Benchmarking Local LLMs for Confidential Translation Workflows
This paper evaluates locally runnable LLMs (via Ollama) for offline, privacy-constrained translation workflows targeting freelance translators and smaller language service providers. The authors expand their Reeve Foundation corpus to include German and Simplified Chinese, then benchmark local models across four language directions against commercial NMTs (DeepL, Baidu), a frontier LLM (GPT-5.2), and professional local NMT systems. Results show substantial performance variation by language direction and model size, with the best local LLMs matching or exceeding local NMT systems and the frontier LLM, though falling short of top commercial NMTs. The study supports the viability of local LLMs for confidentiality-sensitive translation use cases.
PsychoSafe: Framework for Psychologically-Informed LLM Refusals in High-Risk Interactions
Researchers introduce PsychoSafe, a refusal framework that reframes LLM non-compliance as structured supportive communication grounded in evidence-based psychological intervention strategies. The work constructs an 8,019 prompt-response corpus across five risk domains and applies prompting and parameter-efficient fine-tuning to Qwen 3.5 27B, achieving 28.1% improvement in refusal quality over a generic baseline with notable gains in resource referral and psychological grounding. Evaluations on SORRY-Bench and XSTest reveal strong in-domain robustness but limited out-of-domain generalization, pointing to a need for more diverse fine-tuning data. The framework is relevant to safety alignment work targeting crisis, coercion, and escalating-intent scenarios.
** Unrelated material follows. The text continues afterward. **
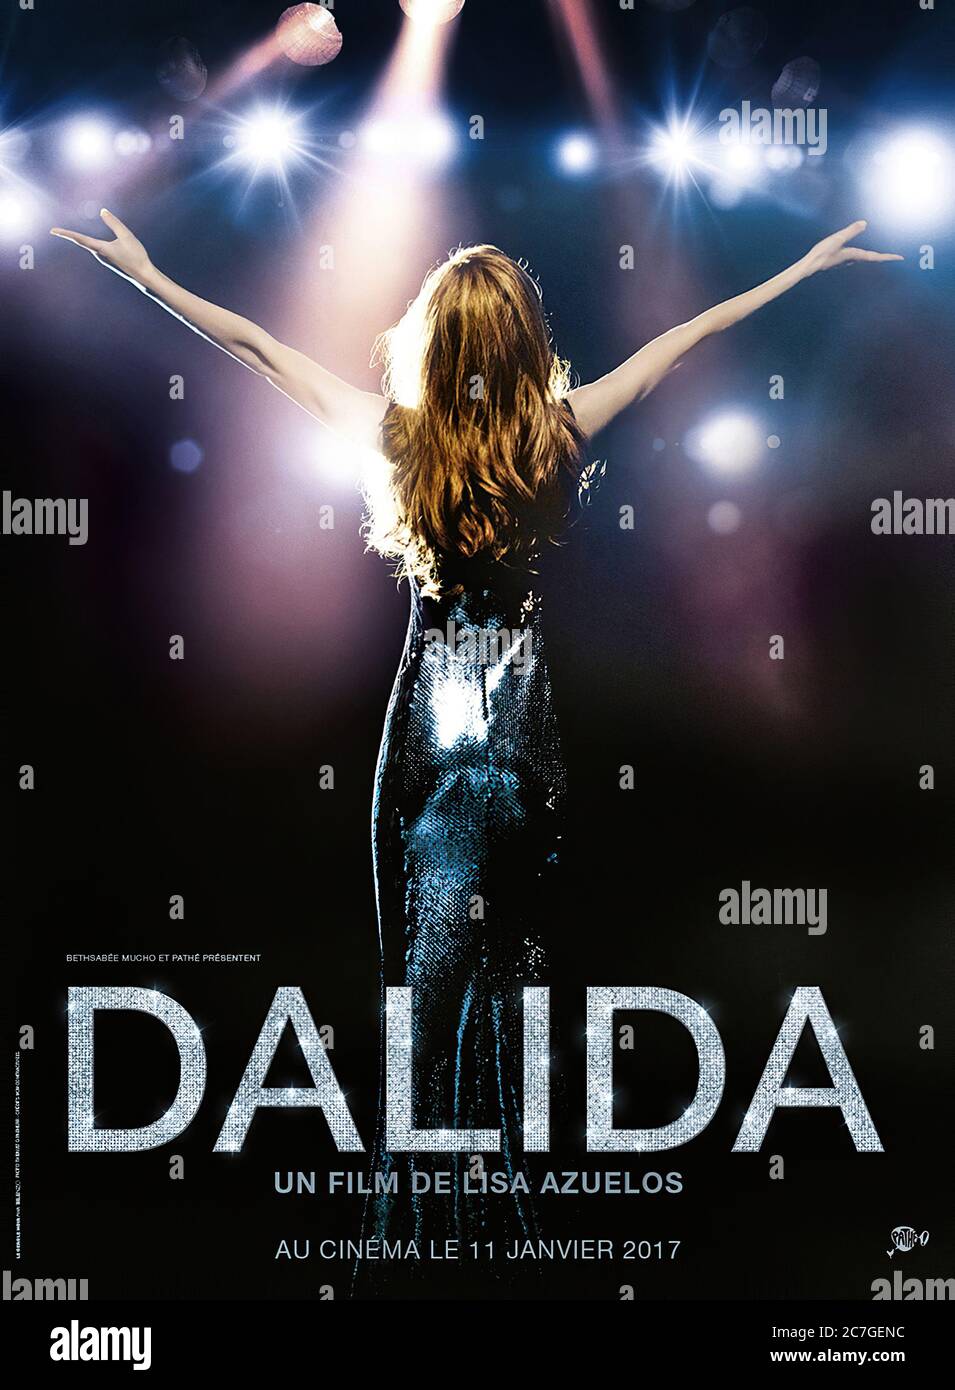 Dalida - Movie Poster Stock Photo

FRANZ: A Communicative Audit Framework for LLM Response Framing on Subjective Questions
Researchers introduce FRANZ, an automated framework for auditing how LLMs frame responses to subjective, culturally-sensitive questions across four dimensions: cultural positioning, generalizing language, anthropomorphic cues, and conversational maxims. The work is paired with SQUARE, a 376k-question corpus drawn from 57 subreddits and mapped to 7 countries and 19 question categories. Applying FRANZ to three open-weight LLMs reveals statistically significant differences in framing behavior, and uncovers a positive coupling between insider positioning and anthropomorphism that varies by country. The study argues that existing evaluations focused on factual correctness miss important communicative dimensions of LLM outputs.
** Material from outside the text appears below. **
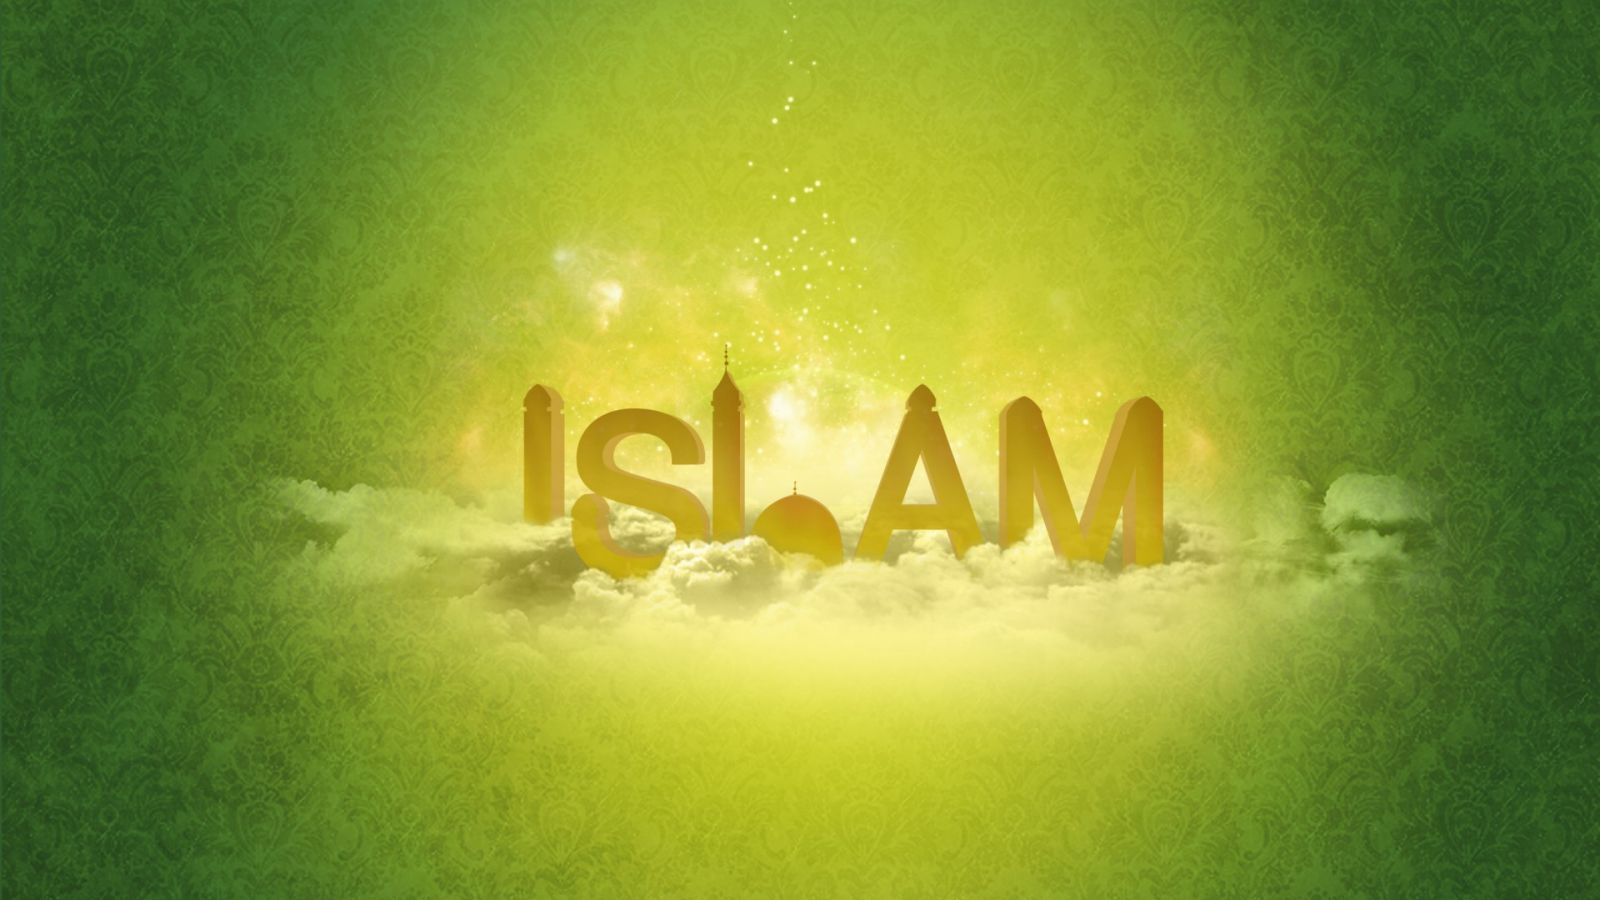 islamic wallpaper free download

LexNeo-Bench: Probing LLM Knowledge of Lexical Borrowing in Luxembourgish via Knowledge-Graph Prompting
Researchers introduce LexNeo-Bench, a 3,050-instance benchmark for evaluating LLM performance on lexical borrowing classification and neology detection in Luxembourgish, a low-resource contact language. Three multilingual LLMs are tested across 34 prompt configurations; without external context, models perform near chance on borrowing classification (25–35%). Injecting instance-specific subgraphs from a linguistic knowledge graph raises accuracy to 71–81% and largely closes the gap between small and large models, though neology detection remains difficult. The study highlights the value of lexicon-aware, structured prompting for low-resource multilingual evaluation.